A paper just out in Nature Communications reports the de novo genome assembly and transcriptome of a Chinese individual, generated from long-read SMRT Sequencing and other technologies. The effort revealed nearly 13 Mb of sequence not included in the GRCh38 reference genome as well as novel gene and alternative splicing content not annotated in GENCODE.
“Long-read sequencing and de novo assembly of a Chinese genome” comes from lead author Lingling Shi at Jinan University and senior author Kai Wang from the University of Southern California, as well as many other collaborators in China and the US. The team was particularly interested in finding population-specific variants, including structural variants, which required the use of long-read sequencing. Assemblies based on short-read sequence data “may have inherent technical limitations in characterizing repeat elements that span longer than the read length, yet repeats and segmental duplications are known to cover approximately half of the human genome,” the scientists write. Using SMRT Sequencing and mapping technology from BioNano Genomics, “we perform detailed characterization of the HX1 genome and demonstrate that long-read sequencing can detect functional elements in human genomes that are missed by short-read sequencing.”

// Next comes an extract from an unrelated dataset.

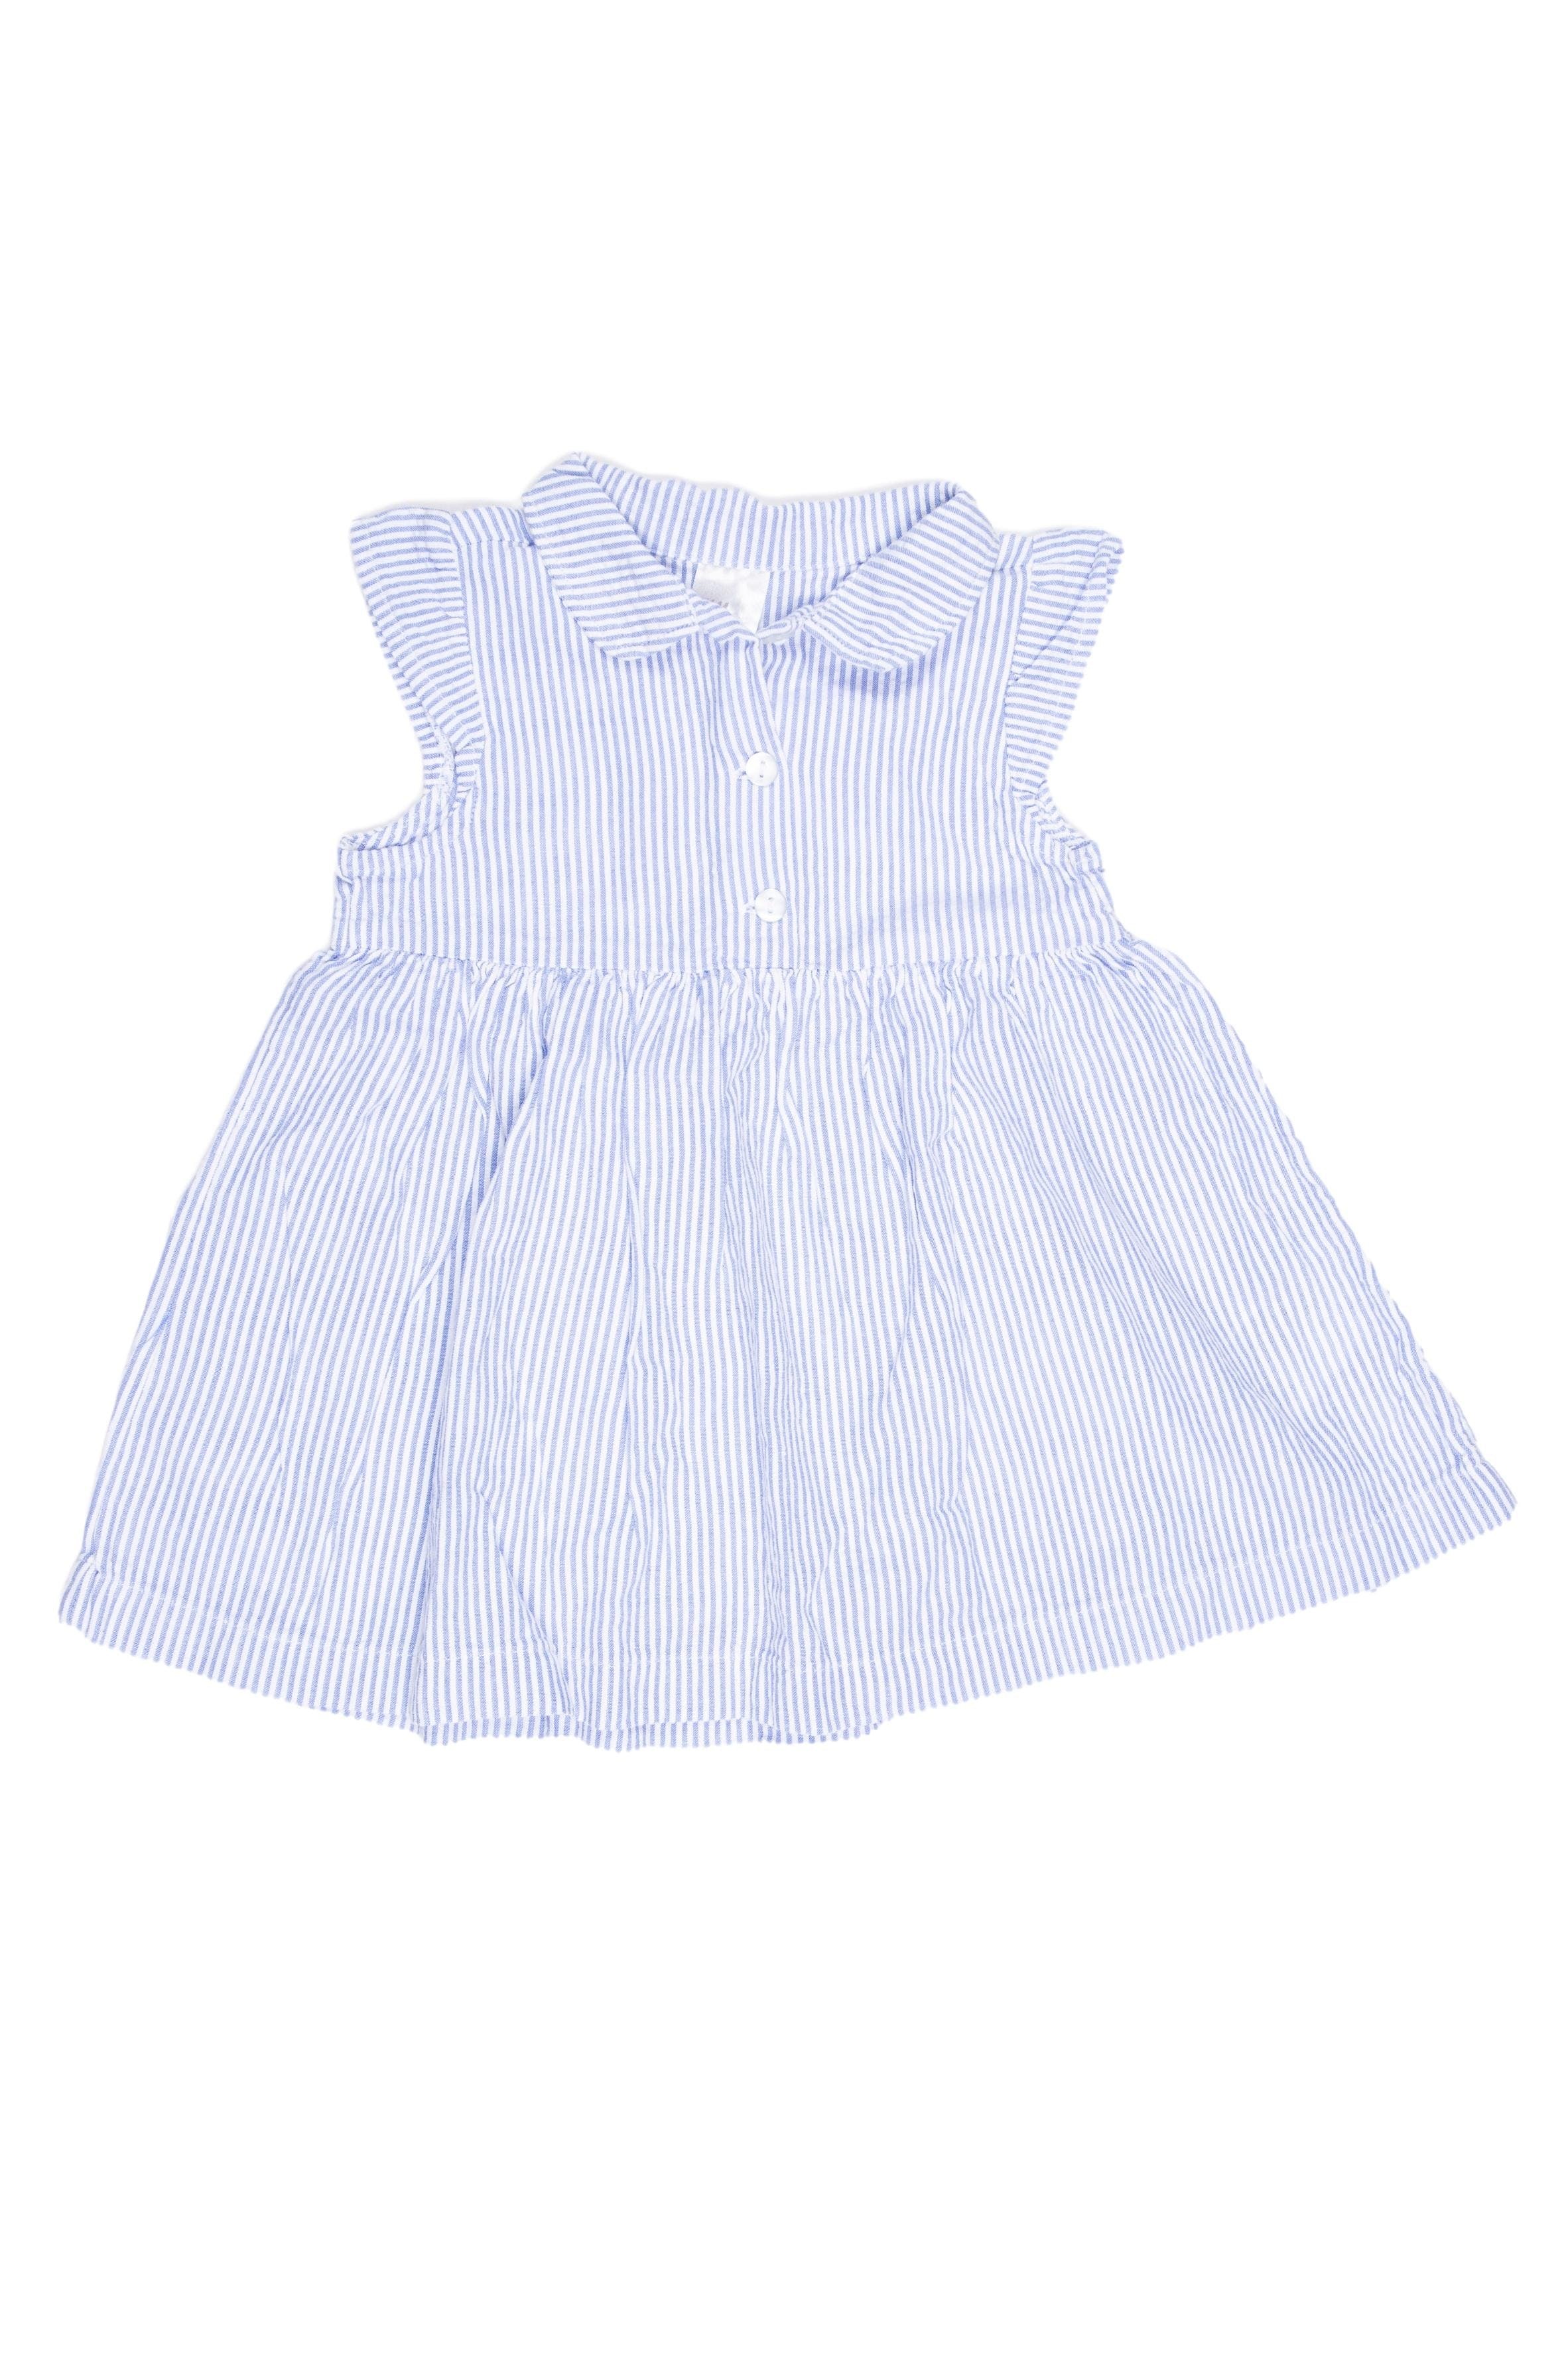 Vestido azul a rayas 100% algodón - H & M

For the genome assembly, the team sequenced DNA from an anonymous Chinese individual (HX1) to 103x coverage, producing a 2.93 Gb genome with a contig N50 of 8.3 Mb. Included in the results were 206 Mb of alternative haplotypes that “were constructed along with the primary contigs,” Shi et al. write. Consensus accuracy for the assembly was 99.73%, matching the accuracy of the well-known NA12878 genome assembly. In an analysis of structural variants, the team found about 20,000 insertions and deletions, with half of them classified as short tandem repeats or mobile elements. Nearly 50 exonic deletions or insertions were specific to the HX1 genome, including one previously characterized deletion that has only been seen in the Asian population.
The team also developed a new gap-filling method to make use of all this sequence data. They determined that nearly 30% of gaps in the GRCh38 reference genome could be addressed with data from HX1. “The total length of filled or shortened gaps amounts to 7.1 Mb,” they report. “We further evaluated the repeat contents within the gaps that can be closed by us, and found that simple repeats and satellite sequences were significantly enriched within the closed gaps compared with GRCh38.”
Using the Iso-Seq method, the scientists also analyzed the transcriptome of this individual and detected more than 58,000 isoforms, including “57 isoforms at 42 loci that do not overlap with any GENCODE transcript,” they write. Follow-up studies for some of the more complex data — such as “a novel transcribed element with at least five exons and six isoforms” — validated these predicted splicing events. They also found at least two genes that have never been identified with short-read data. The team looked for disease-causing variants, finding two that were classified in ClinVar as pathogenic. However, “manual review of the literature cited in the two ClinVar records indicated that both of them represented erroneous database records,” the scientists report. “This analysis highlights the need for extreme caution in interpreting ‘pathogenic’ variants documented in variant databases.”
“In summary, while short-read-based alignment and variant calling based on reference genome remain a common practice to assay personal genomes, de novo assembly by long-read sequencing may reveal novel and complementary biological insights,” Shi et al. conclude. “Furthermore, long-read RNA sequencing may identify novel transcripts that can be missed by short-read RNA sequencing.”